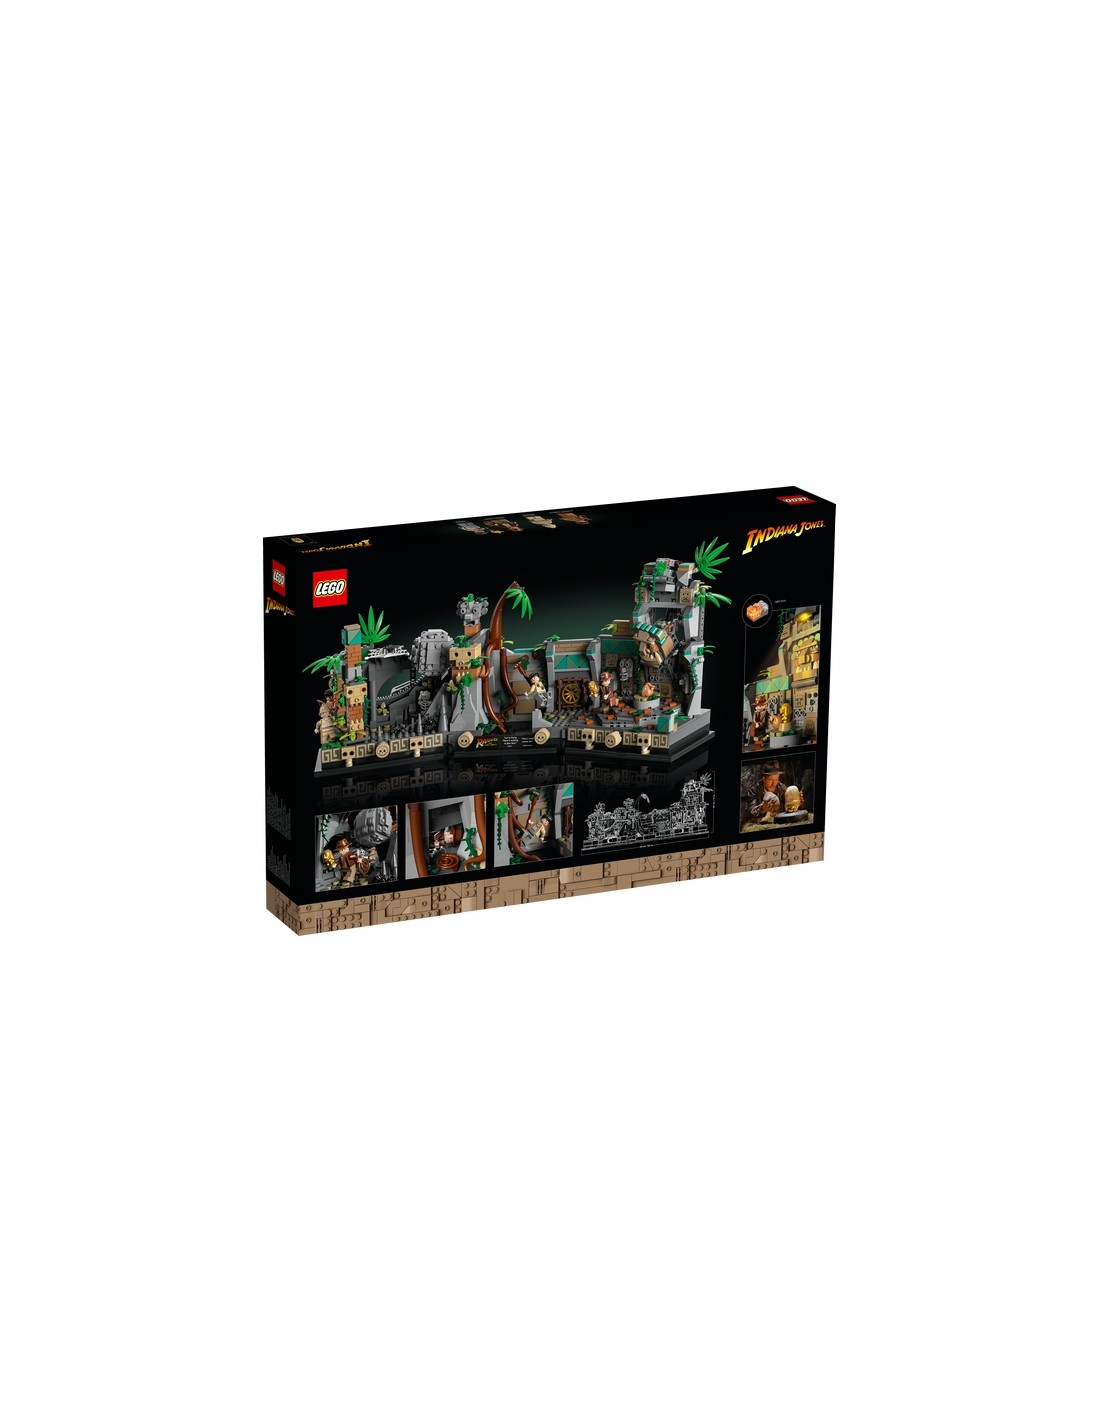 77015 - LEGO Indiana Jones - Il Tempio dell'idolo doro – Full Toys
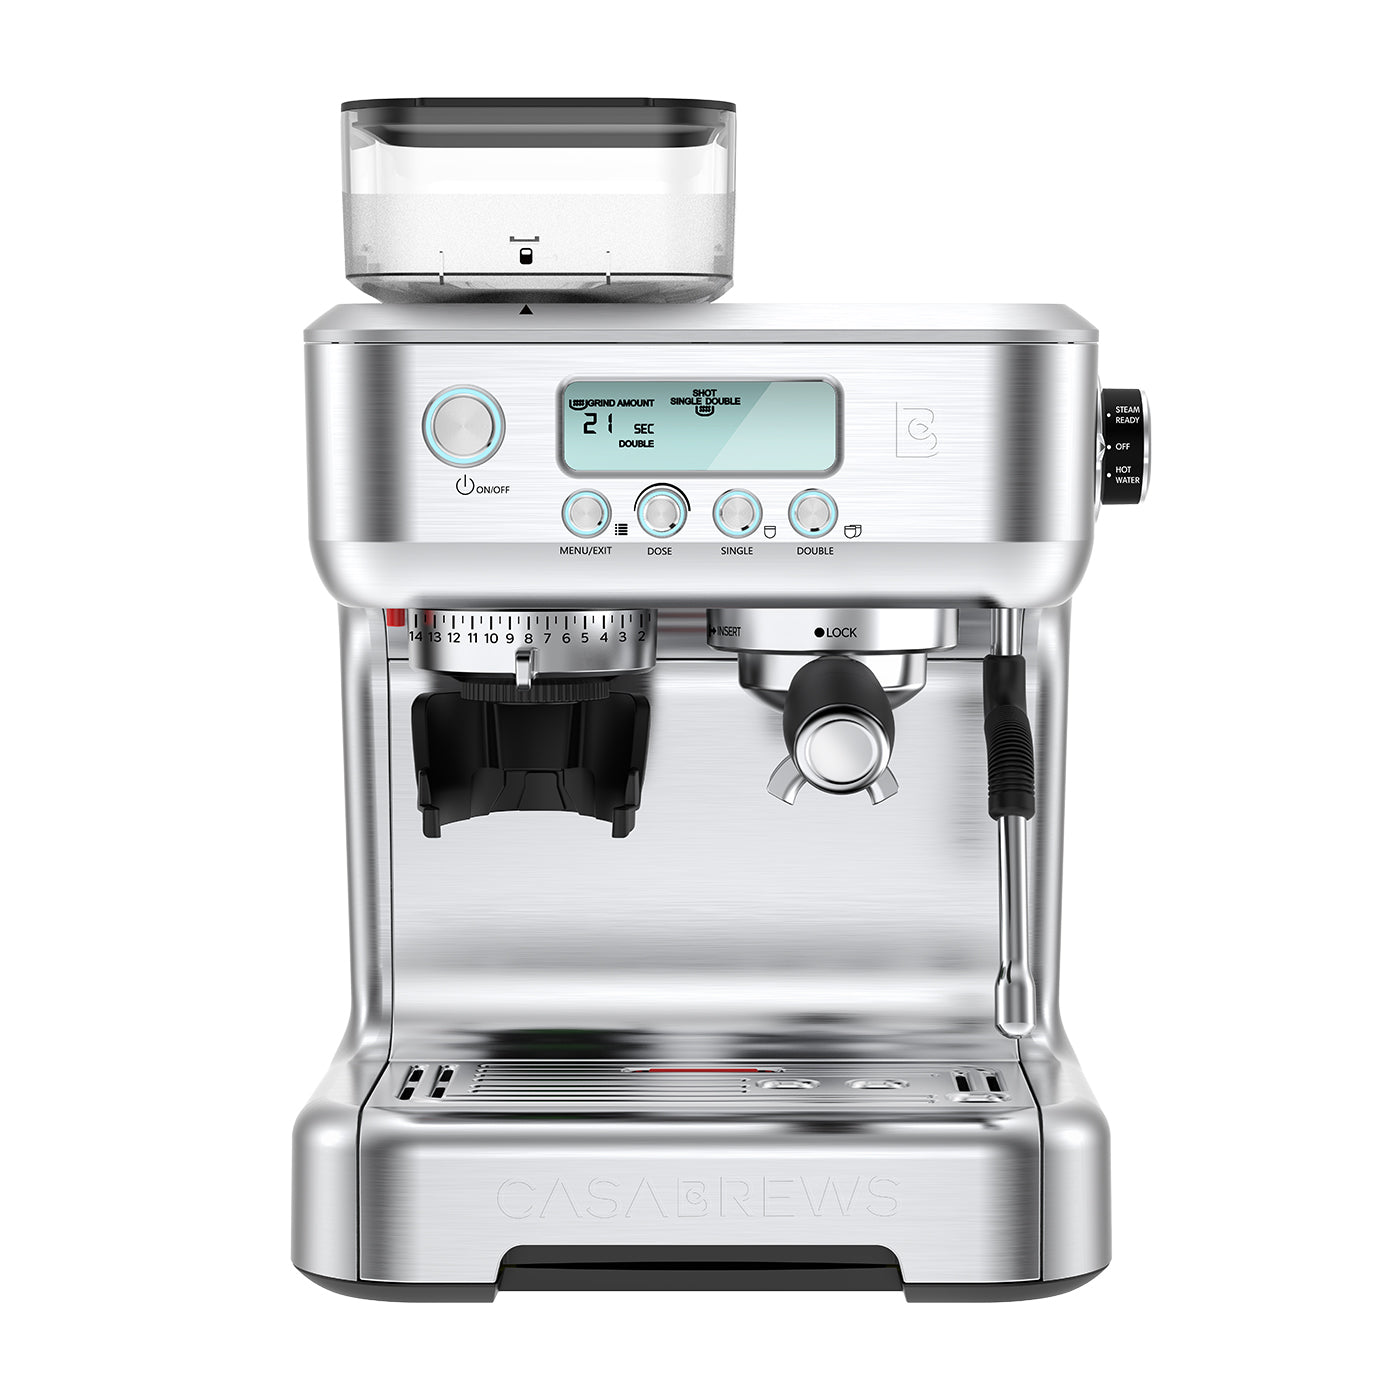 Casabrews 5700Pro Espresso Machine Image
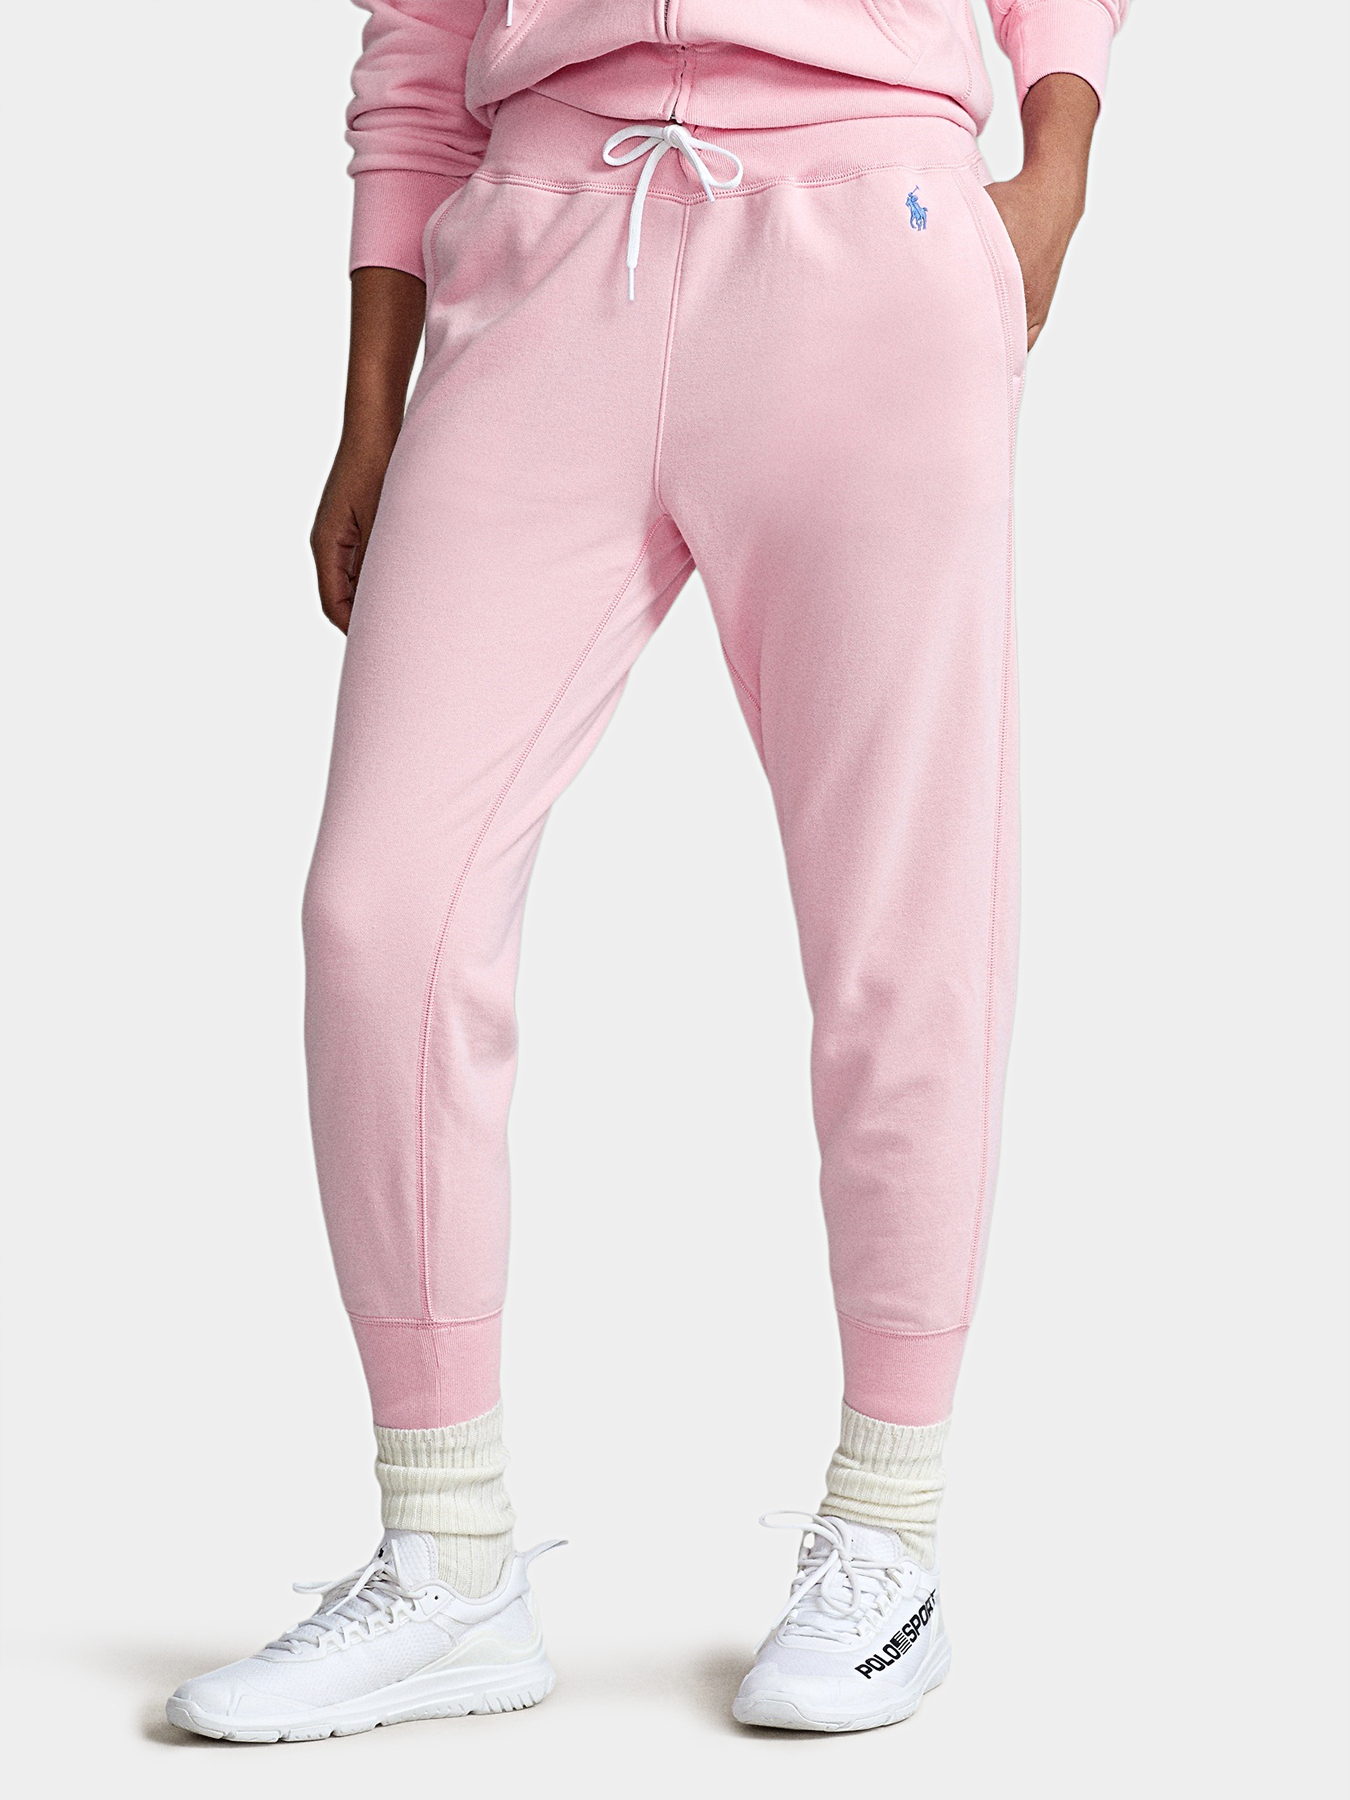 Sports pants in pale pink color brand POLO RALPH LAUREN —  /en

--*--

__Brief__.
Make an exact copy of the listing above, omitting the pictures.

__Task output__.
 77015 - LEGO Indiana Jones - Il Tempio dell'idolo doro – Full Toys
 Casabrews 5700Pro Espresso Machine Image
 Sports pants in pale pink color brand POLO RALPH LAUREN —  /en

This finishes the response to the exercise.